Social work applicationMasters of Social Work Programs (MSW programs) prepare individuals to work in the field of social work in a variety of capacities. Social workers work with individuals, families, and communities to provide them with the resources necessary to live happier, healthier, and more stable lives. A social work degree opens the doors to many industries such as clinical social workers, medical social workers, private practitioners, or managers. Regardless of their expertise, most social workers choose to either work with particular populations or devote their practice to the general public. Social work jobs may be in hospitals, clinics, nursing homes, substance abuse clinics, non-profit organizations, colleges and universities, or a number of other settings.

Admissions Requirements for Masters of Social Work Programs

There are typically two options for admissions to MSW programs: regular admissions or advanced standing, also referred to as employed practitioners’ admissions. The following sections describe each in more detail.

Regular Admissions into MSW Programs

Admissions requirements for a social work degree can vary from university to university. The majority of MSW programs, however, require students to have a bachelor’s degree, preferably in social work or the liberal arts, prior to starting the program. Additionally, most schools strongly prefer students have a minimum 3.0 GPA in their undergraduate studies. However, many programs will accept students with lower GPAs provided they meet the program’s minimum requirements and preferred qualifications. Many programs also prefer students have a well-rounded liberal arts background that includes study in subjects such as math, science (physical, biological, and psychological), history, social sciences, humanities, research, and the arts. Some programs may prefer applicants have one to two years’ experience as paid or unpaid employees or volunteers in human services and/or social work settings.
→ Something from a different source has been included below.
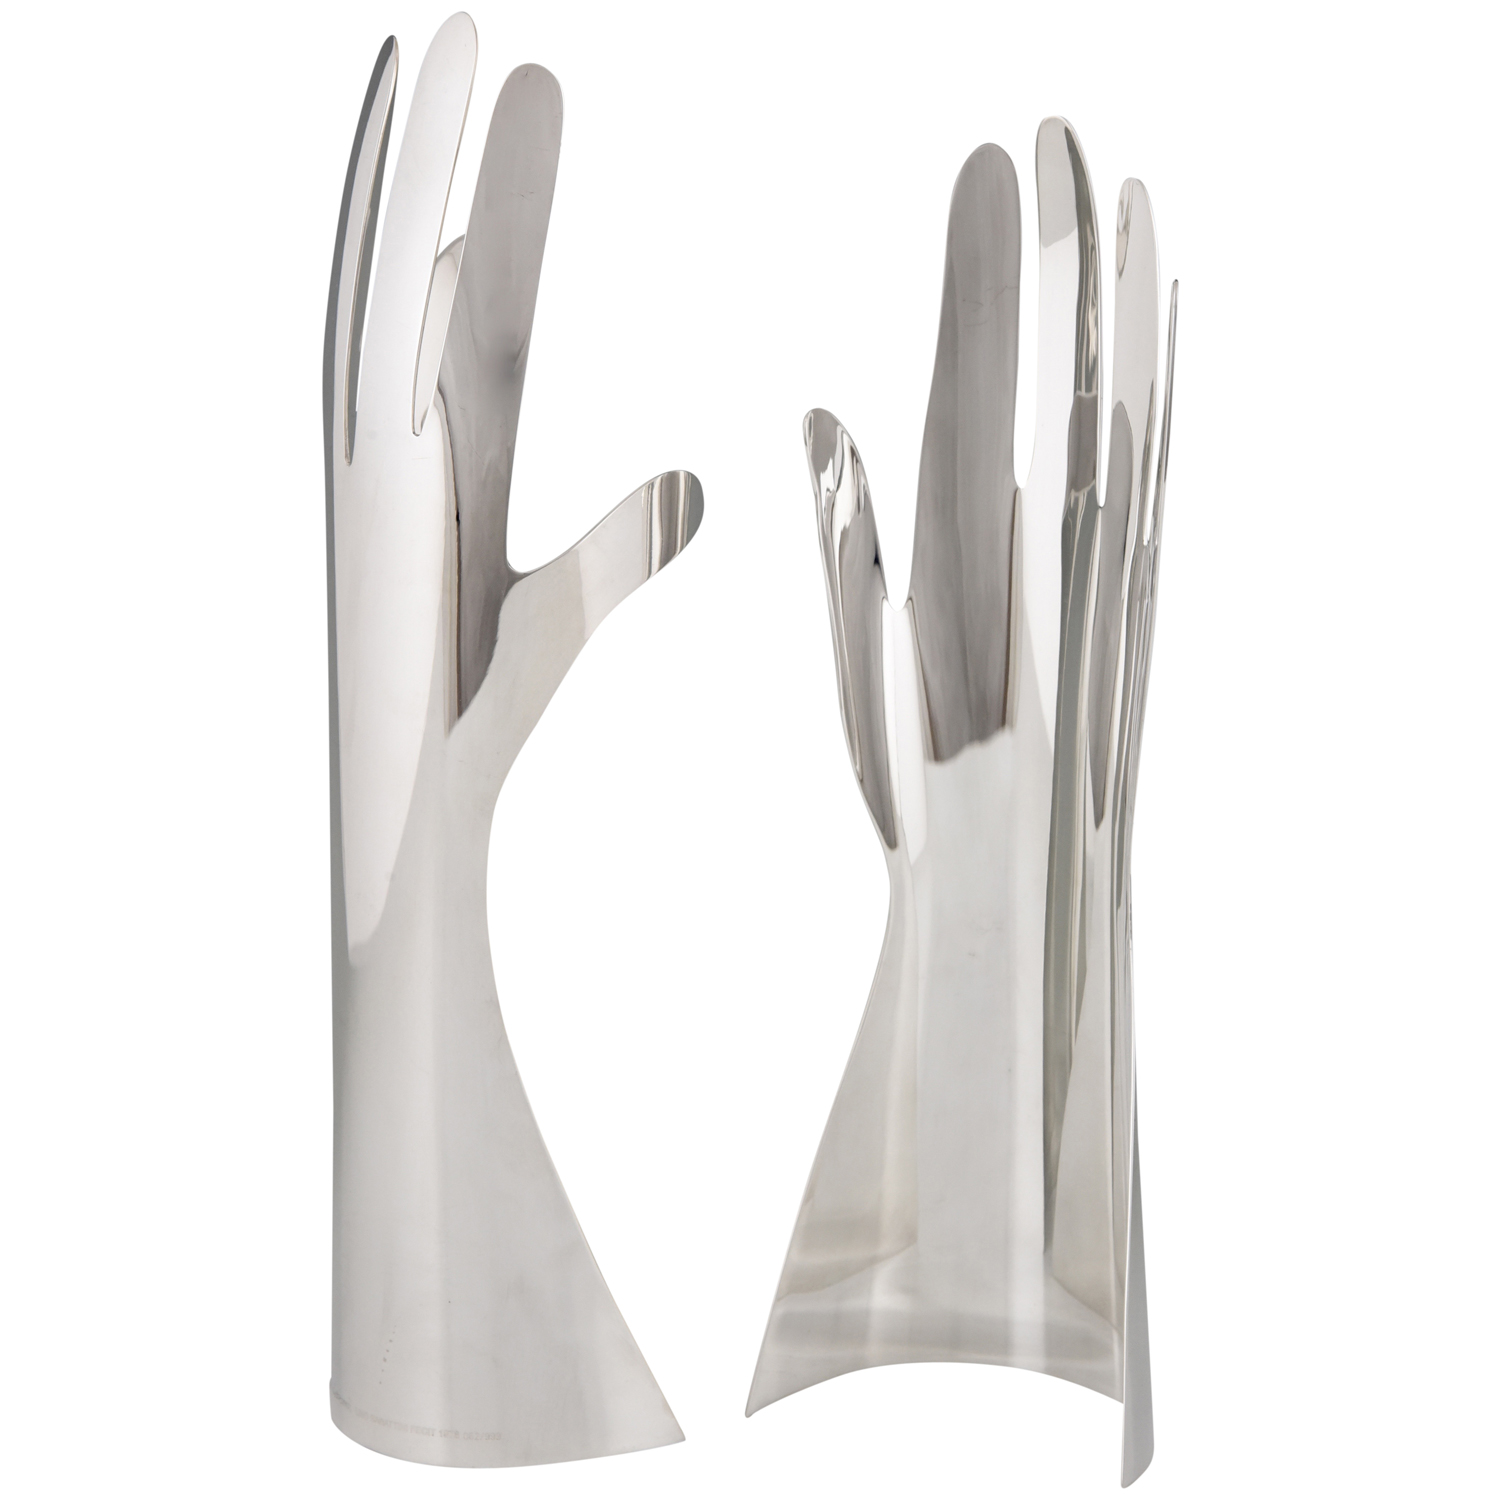 Le Mani, deux mains sculpture en metal argenté

Many Masters of Social Work programs also have prerequisite requirements in subjects such as biology, statistics, and psychology. Programs may require students who haven’t met the programs’ prerequisites to do so prior to enrolling in the program, or during their first year. If the programs to which you’re applying have prerequisites that you haven’t met, ask immediately about the deadline when you need to have met them. Meeting them may require you to complete an additional semester or two of work prior to starting the program. Get started on your prerequisite work as quickly as possible.

Also, Students for whom English is not their first language typically need to receive a minimum score on the TOEFL or IELTS in order to be accepted into an MSW program. Minimum required scores vary by school and program, but generally fall around 550 on the paper test (TOEFL), 79 on the internet-based test (TOEFL), and 6.5 on the IELTS.

Advanced Standing or Employed Practitioners’ Admissions

Some programs offer advanced standing or employed-practitioners’ admission to students who demonstrate especially high academic achievement, have a recent educational background in social work, and/or have worked in the field of social work for a certain amount of time. Special or advanced standing admissions typically allow students to enroll in shorter programs and skip certain prerequisite work. Ask your admissions counselor if you are eligible for special or advanced admissions.

Coursework Requirements for Social Work Degree

Most students complete their social work degree in one and a half to three years of full or part time study. They first devote their time to fulfilling foundational requirements and then to fulfilling the requirements of a concentration. Foundational courses, typically taken within the first year of study, include study in subjects such as human behavior, social environment, social work and welfare, social dynamics, and public policy. Concentrations, typically studied in the second and third years of study, allow students to specialize in various areas of social work such as clinical social work, medical social work, social and community management, public social work and advocacy, and private practice social work. Also, because many programs require students to take research methodology courses in both their first and following years of study, students are sometimes asked to submit and defend a thesis or dissertation at the end of their programs.

Students getting a master’s degree in social work often choose between practical or managerial social work tracks. Students who opt to study practical social work typically learn how to work with the individuals, groups, and communities they want to directly impact; students who opt to study managerial social work typically focus more upon learning how to plan, organize, and administer social work, supervise a team of social workers, and empower other social workers to successfully do their jobs. Both tracks can potentially prepare students for roles as social workers or managers.

Field Work and Internships

Many MSW programs require students to complete supervised field work and an internship. Most field work and internships can be completed within one to two years depending on the program. During the year or years of their fieldwork and internships, many students are expected to work in approved and assigned agencies for ten to twenty hours per week. Once they have completed their field work, internships, and academic programs, students may be eligible to apply for licensure through the state in which they wish to work and reside.

The process of obtaining state licensure to practice social work can begin at the Association of Social Work Boards website. There, students can find information on taking licensure exams, applying for states licensure through the state in which they wish to practice, and much more. Note that the requirements of applying for licensure vary from state to state, and that students applying for licensure must have completed MSW programs through accredited schools.